Saturday, July 02, 2016

Debt is Good

Yves Smith writes today at Naked Capitalism that today’s debt fears are unfounded; a premise which, I believe, is doubly flawed.

The first is that I see no evidence for the premise that there is any real fear of national debt, since governments everywhere talk about “austerity” and yet continue to crank out deficit spending at ever increasing levels. Republican control of Congress in this country cut our annual deficit from $1 trillion down to just under half that, but pandering in a national election year and fear mongering after a couple of European terrorist incidents has driven it right back up to the $1 trillion ballpark again.

Ms. Smith betrays her Harvard and Goldman Sachs background on an almost daily basis, and tells us in today’s exercise in delusion that (all emphasis is mine),

After the 2008-2009 financial meltdown brought many OECD economies to a standstill, there was a brief revival of fiscal activism. Many OECD governments initially responded with large fiscal stimulus packages, while bailing out influential financial institutions. Major developing countries also put in place well designed fiscal stimulus packages including public infrastructure investment and better social protection.

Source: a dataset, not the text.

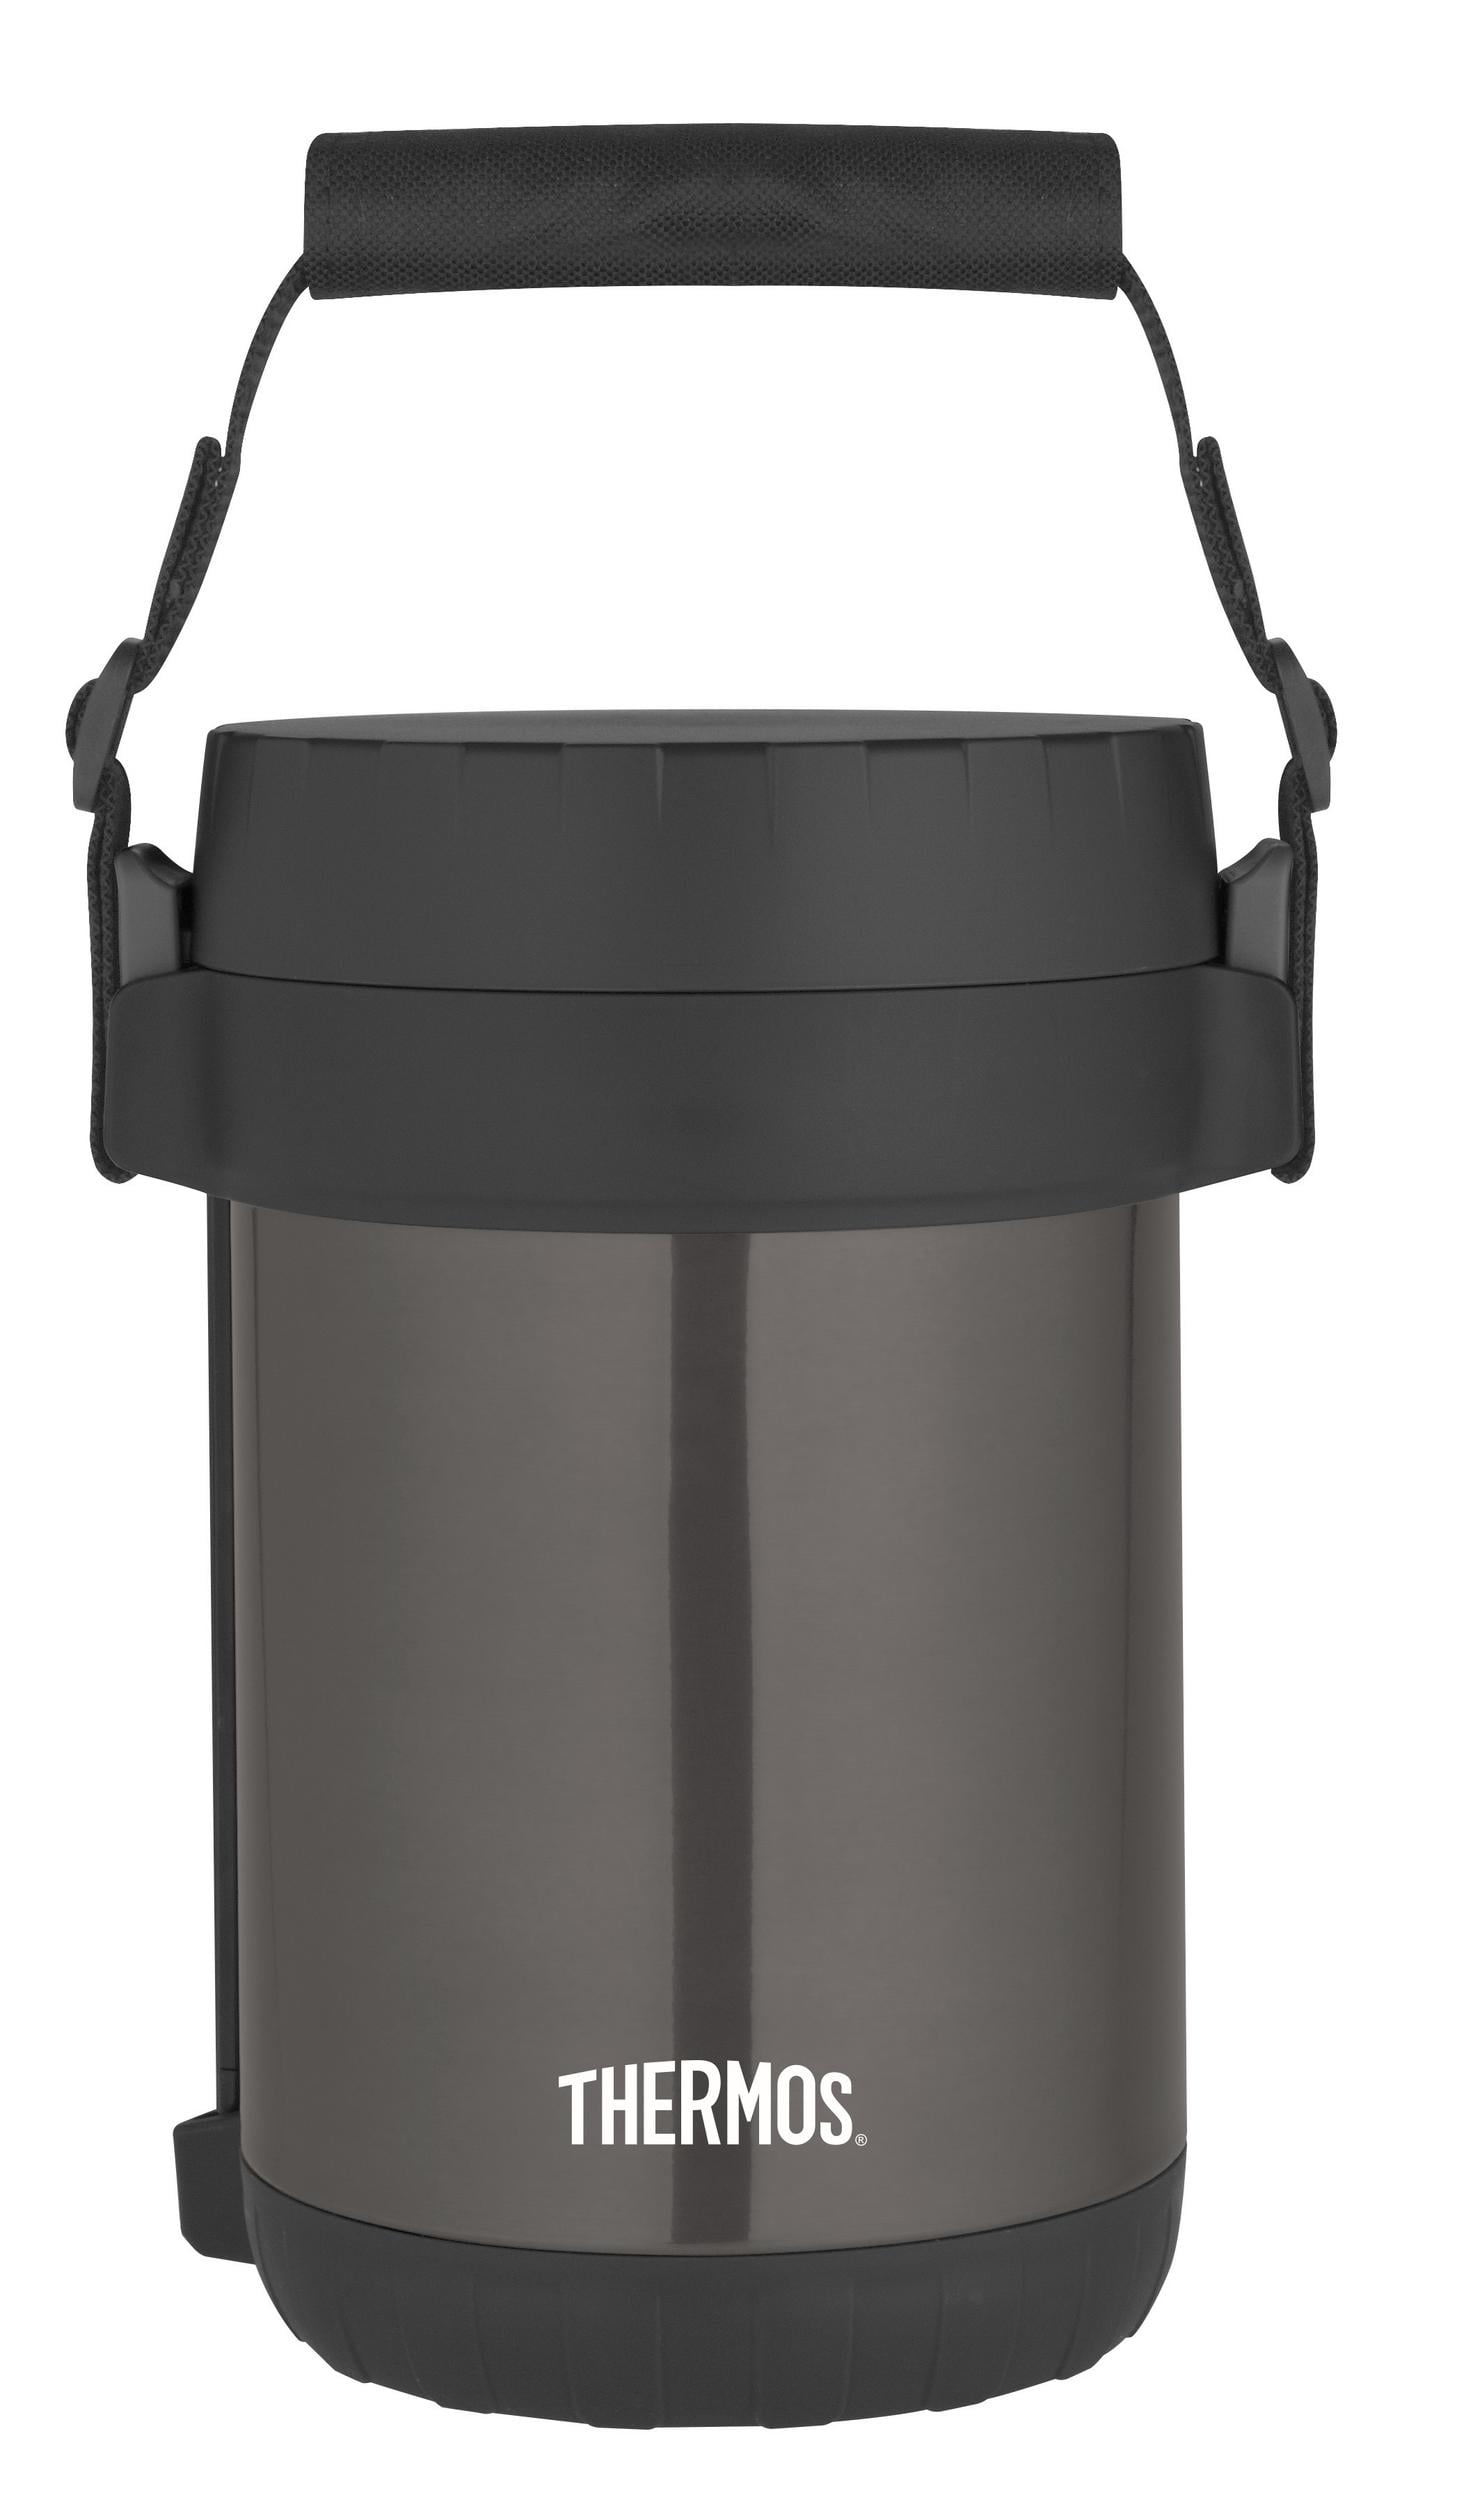 Thermos JBG1800SM4 Vacuum-Insulated All-in-1 Meal Carrier & Food Warmer

I would have liked for her to name one nation which did such a thing and describe the nature in which the package was “well designed,” the specific infrastructure in which it invested, and the social protection it provided, because I was paying attention and I didn’t see any.

She certainly wasn’t talking about the American “stimulus package,”  which was woefully small, was far too heavily invested in tax cuts which are pitiful in terms of stimulating the economy, and invested in such things as “high speed rail” projects, the first one of which broke ground seven years later and connects two small towns in California which are 85 miles apart.

She should go have lunch with Paul Krugman. They’d make a nice couple.

1 comment:

  1. bruce7:15 PM

    Meh... I think if a nation ever budgeted close to how a household or a business does (income = outgo), I'd fall over in a faint.